- _Prompt_
Copy the data below exactly. Any pictures in it should be omitted.

- _Supplied information_
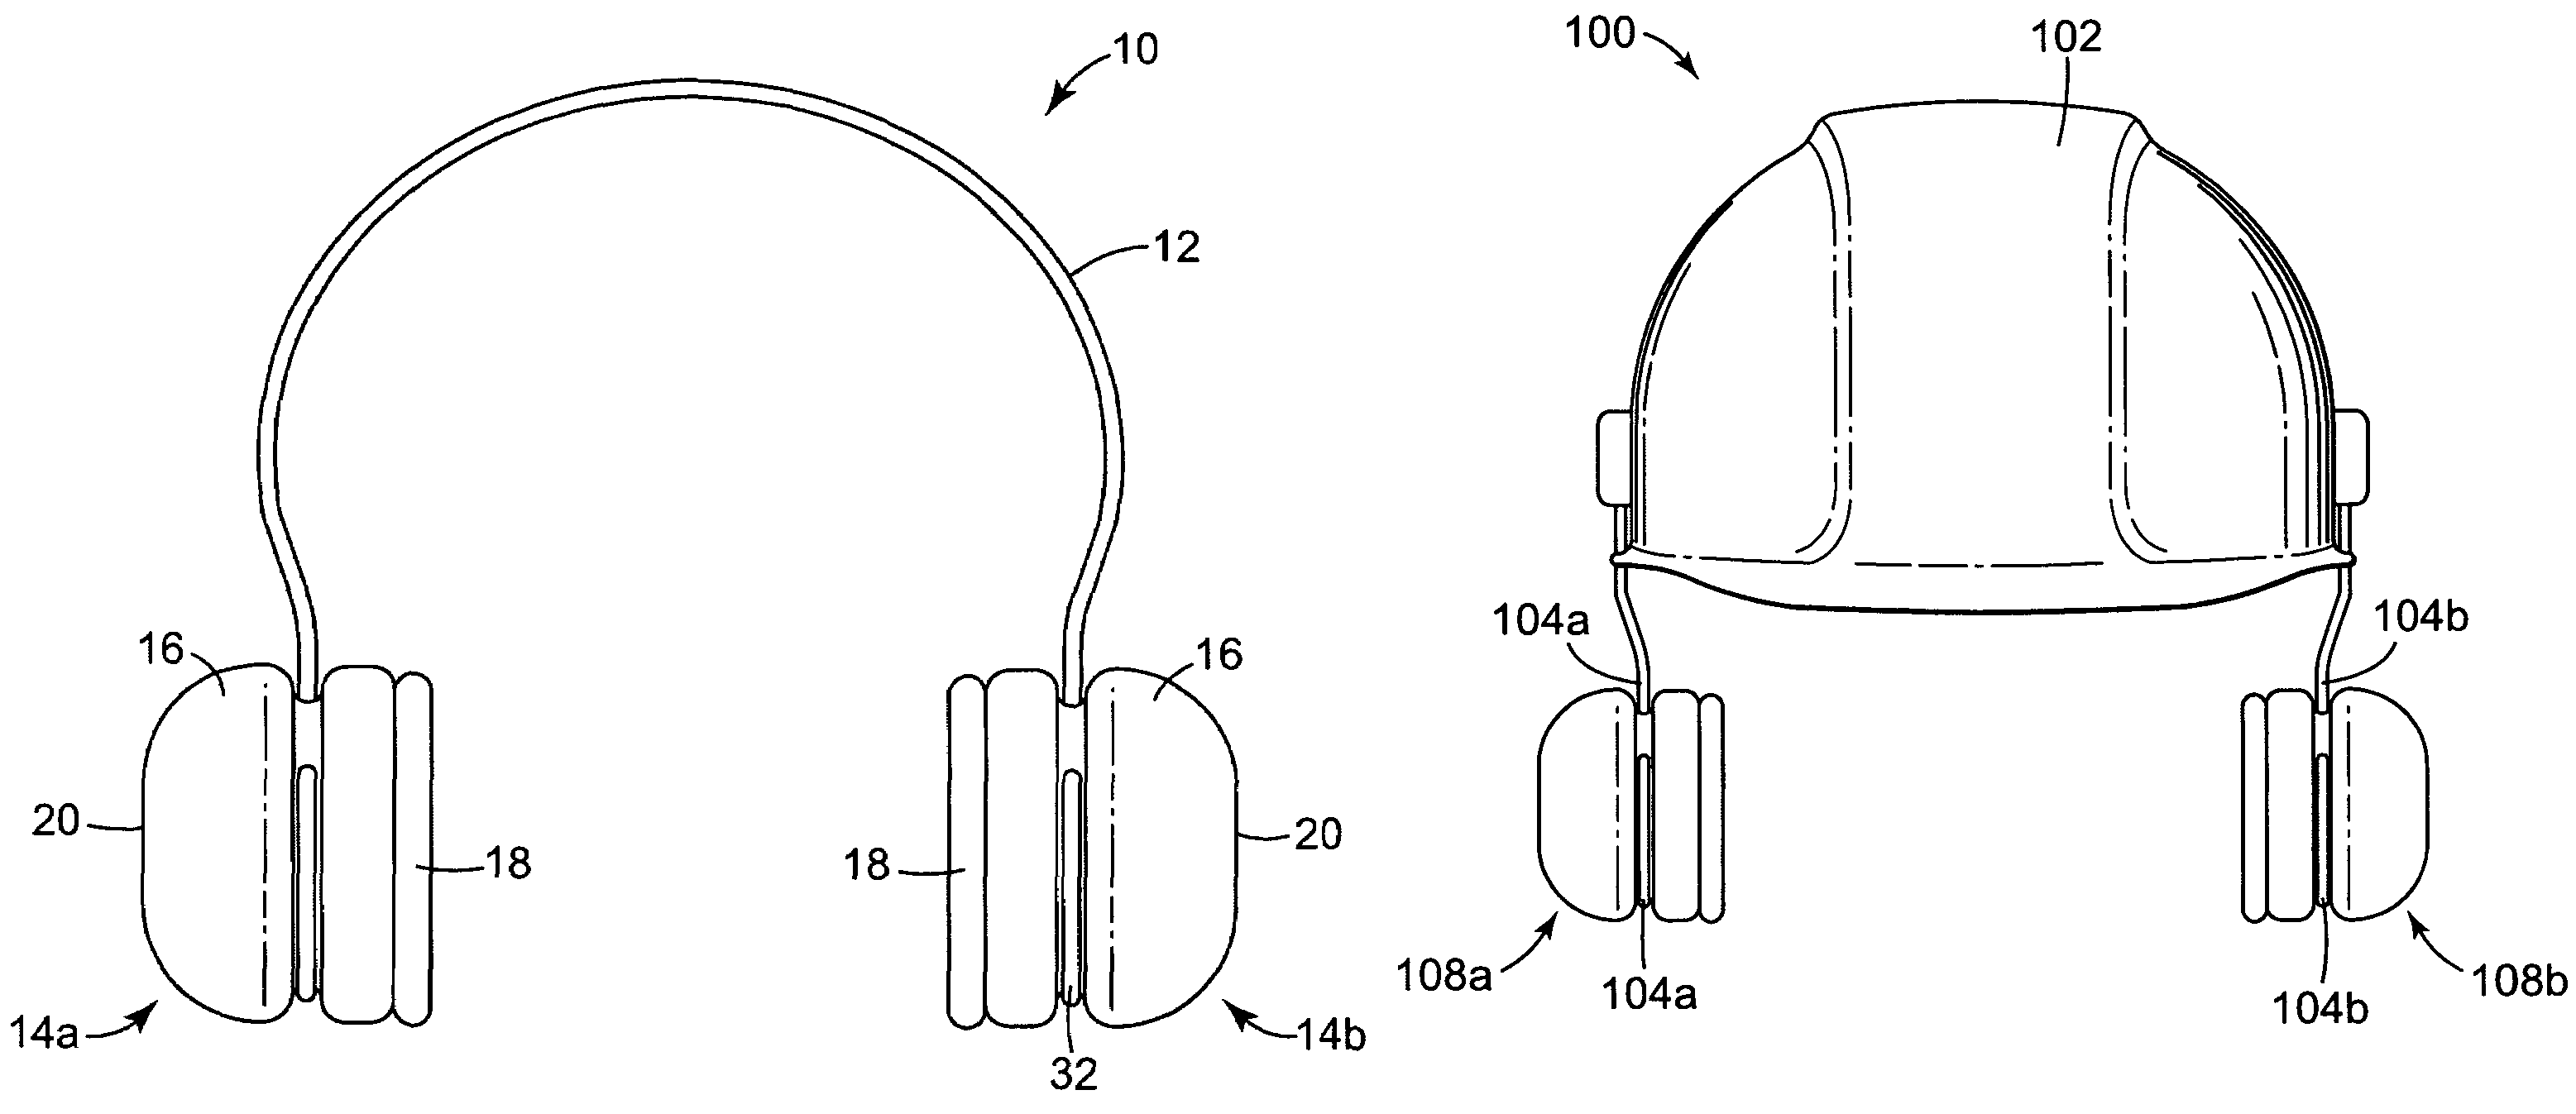 Hearing protective device that includes cellular earmuffs
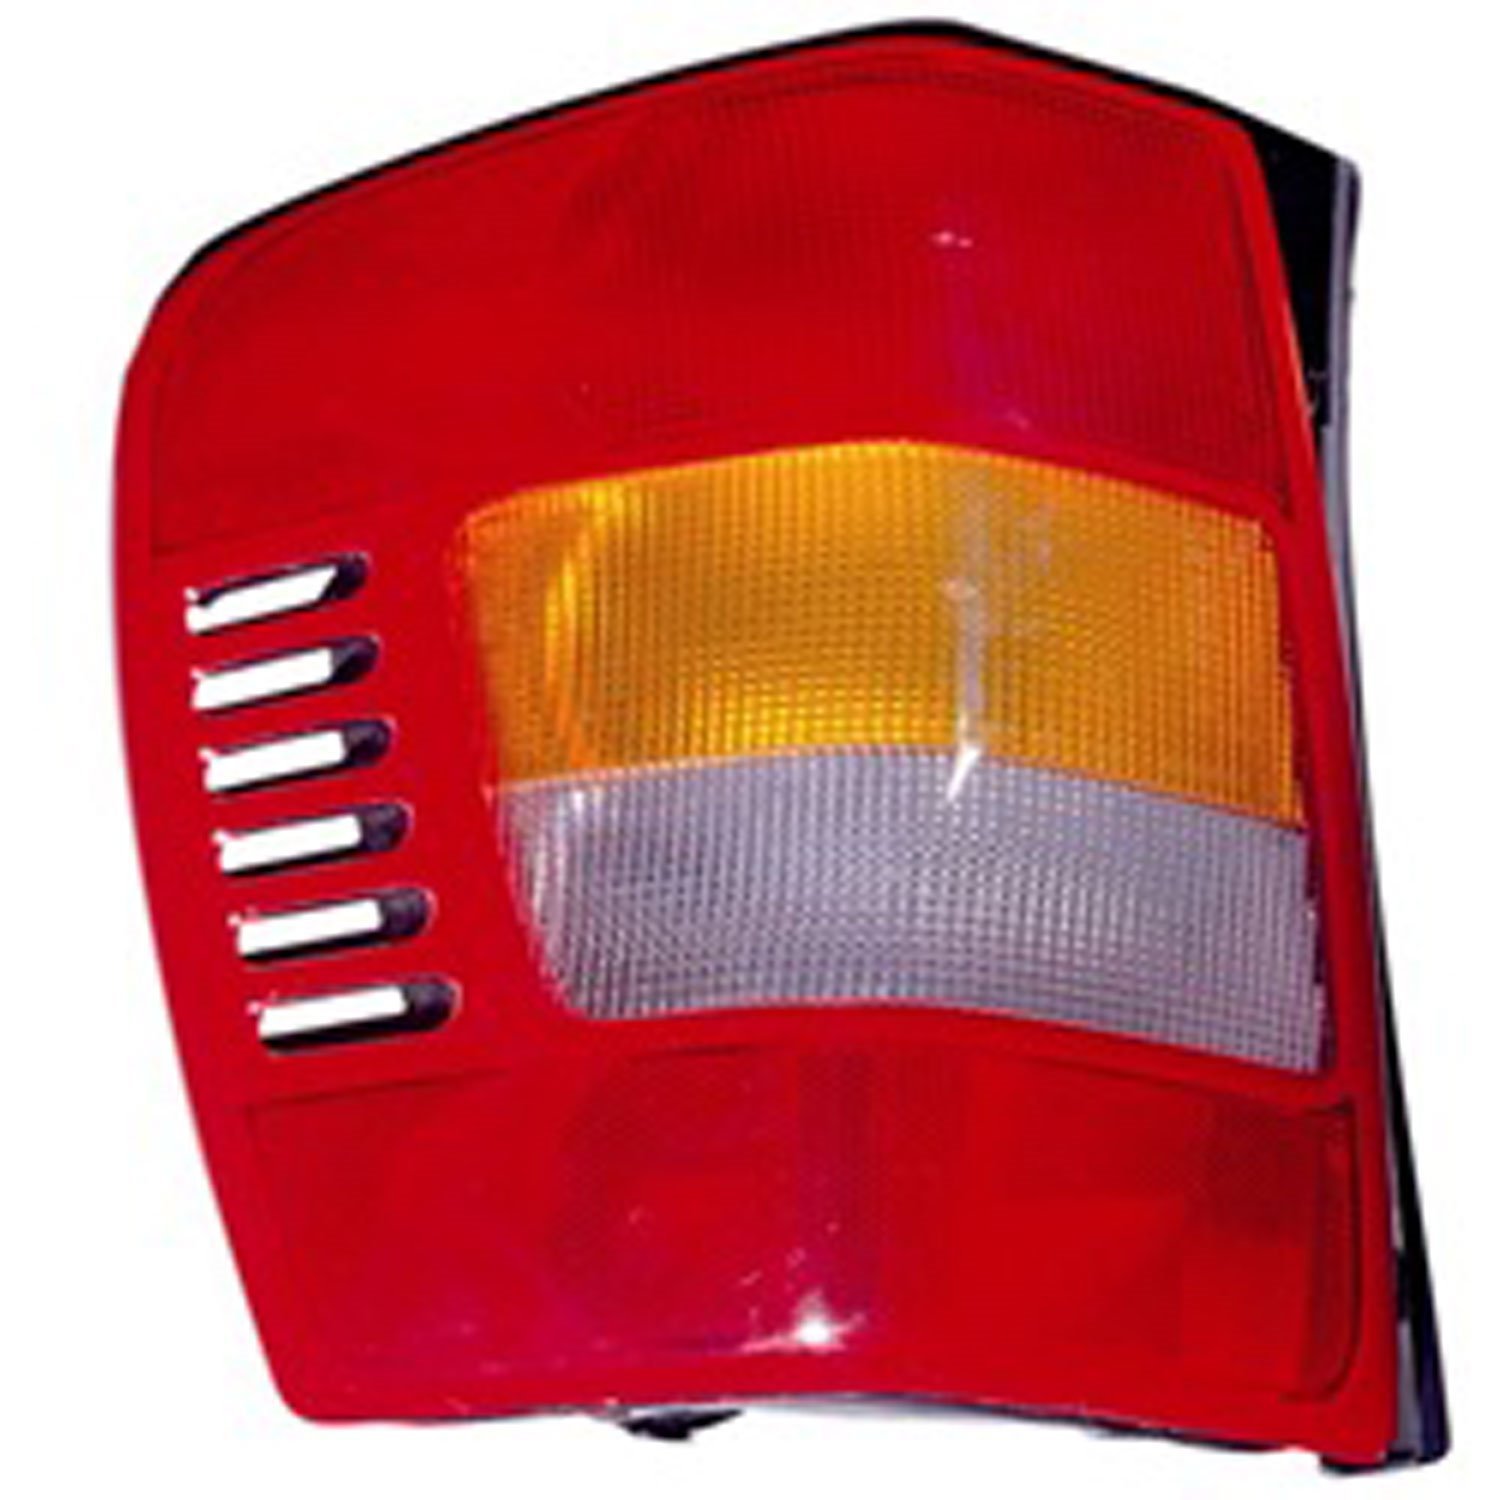 Replacement tail light assembly from Omix-ADA, Fits left side of 99-04 Jeep Grand Cherokee WJ
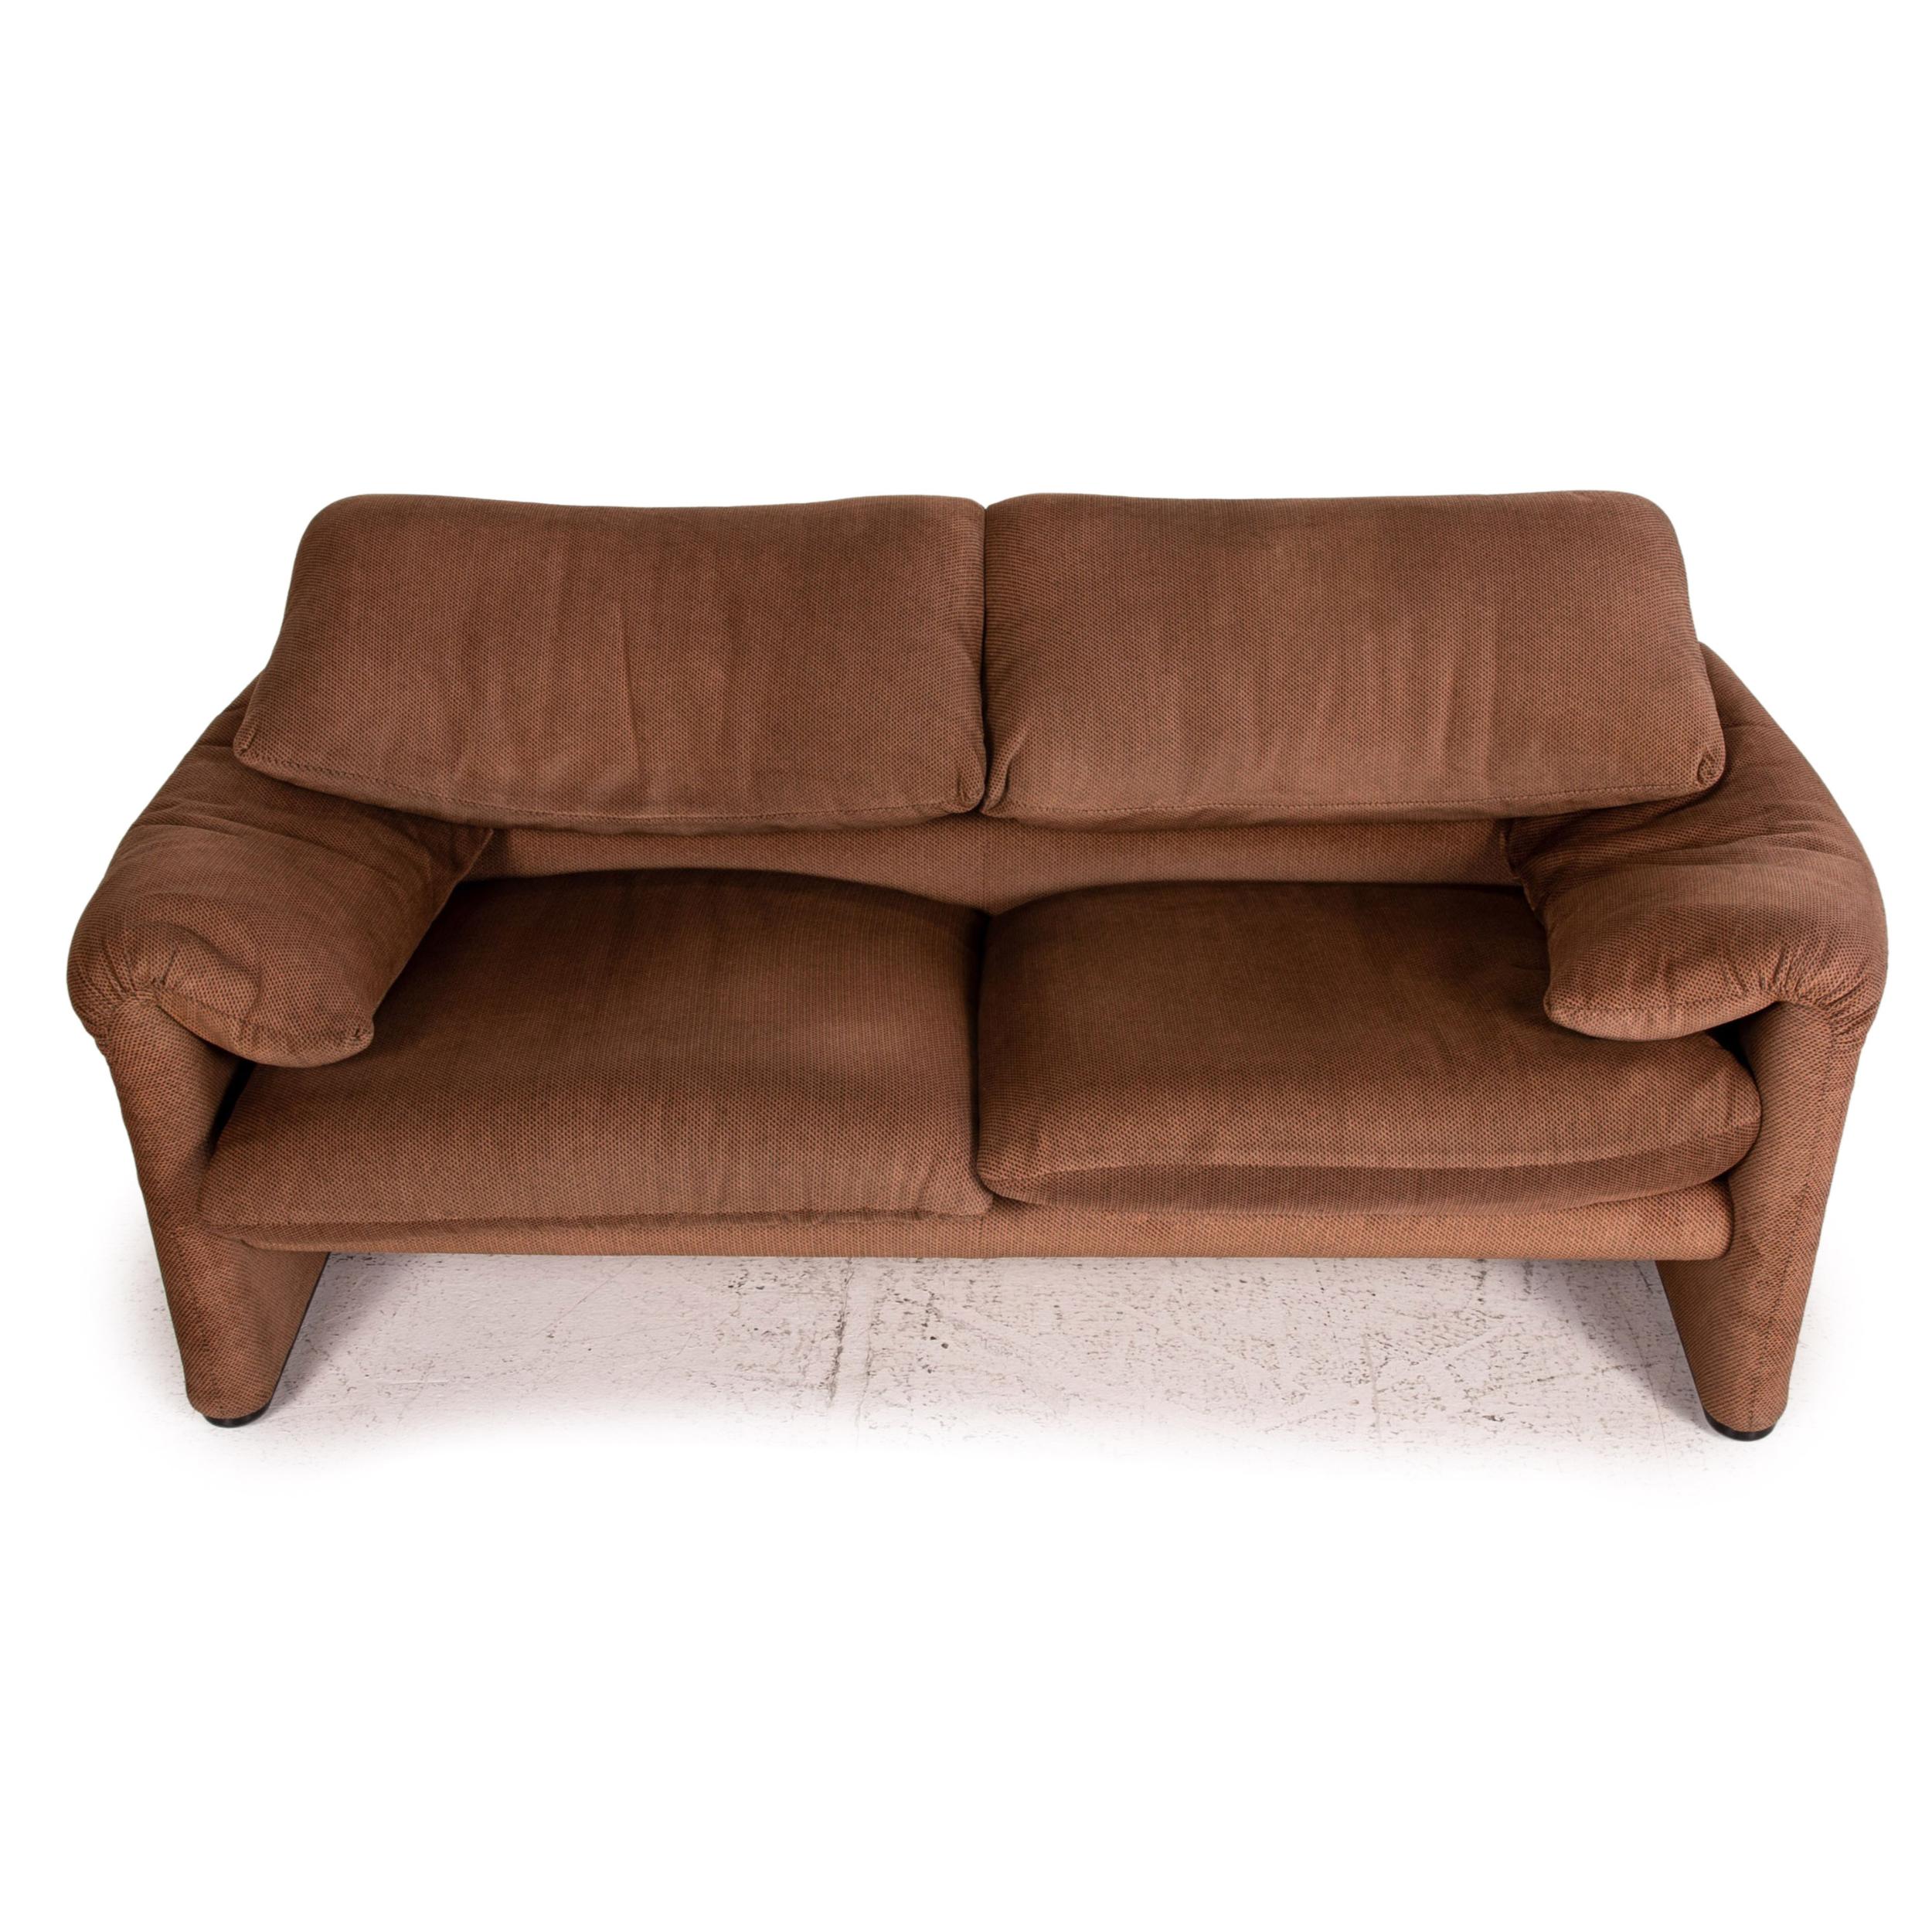 Cassina Maralunga Fabric Sofa Brown Two-Seater Function Couch 2

- _Solution to the problem_
 Hearing protective device that includes cellular earmuffs
 Replacement tail light assembly from Omix-ADA, Fits left side of 99-04 Jeep Grand Cherokee WJ
 Cassina Maralunga Fabric Sofa Brown Two-Seater Function Couch 2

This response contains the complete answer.